The document does not provide specific quantitative acceptance criteria or reported device performance in the format of a clinical trial. Instead, it states that the device was evaluated against various standards. The "performance" in this context refers to compliance with these standards and the device's technical specifications.

Test Category	Acceptance Criteria (Stated as Compliance Standard)	Reported Device Performance
Electrical Safety	IEC 60601-1 and IEC 60601-2-10 standards	Complies with IEC 60601-1 and IEC 60601-2-10 requirements.
Electromagnetic Compatibility	IEC 60601-1-2 standard	Complies with IEC 60601-1-2 requirements.
Biocompatibility	ISO 10993-5 and ISO 10993-10 standards	Complies with ISO 10993-5 and ISO 10993-10 requirements for user-contacting materials.
Software Verification/Validation	FDA "Guidance for Pre Market Submissions and for Software Contained in Medical Devices"	Complies with FDA guidance requirements.

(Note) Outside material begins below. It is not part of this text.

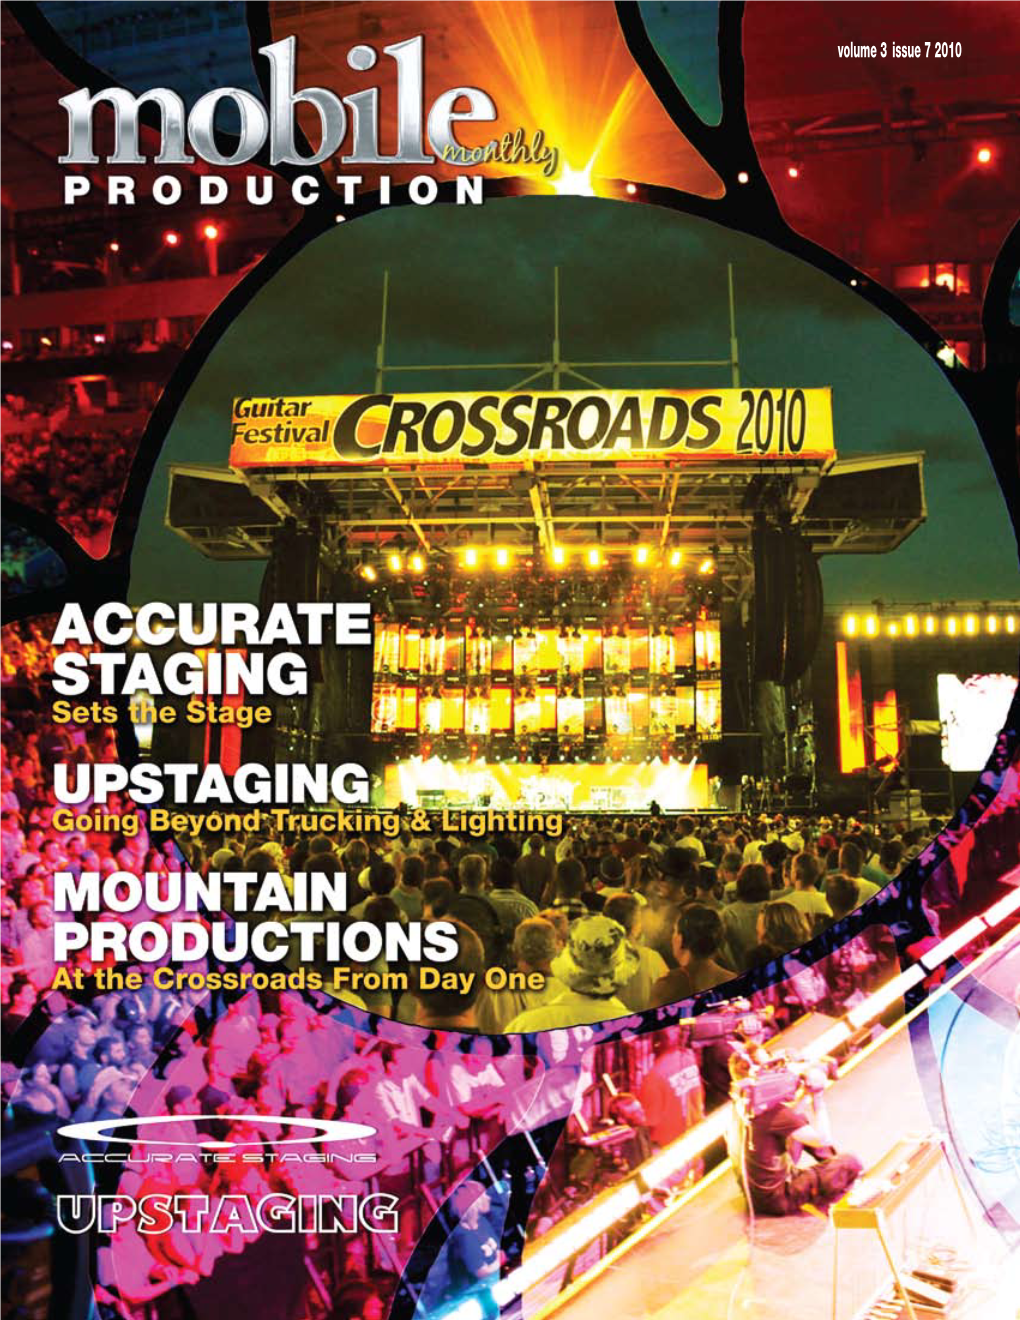 Volume 3 Issue 7 2010 Your Access to Performance with Passion

Waveform Test (Output Specifications)	FDA "Guidance for Transcutaneous Electrical Nerve Stimulator for Pain Relief Intended for Over the Counter Use" and "Guidance for Powered Muscle Stimulator for Muscle Conditioning"	Verified output specifications according to FDA guidance. (Specific parameters like Voltage, Current, Pulse Duration, etc., are compared to predicate devices and deemed compliant with standards/guidance).
Patient Leakage Current	Comply with IEC 60601-1 and IEC 60601-2-10	AC: 54.5µA, DC: 0.5µA (Subject Device) vs. Comply with IEC 60601-1 and IEC 60601-2-10 (Predicate)
Average DC current through electrodes (no pulses)	Comply with IEC 60601-1 and IEC 60601-2-10	0A (Subject Device) vs.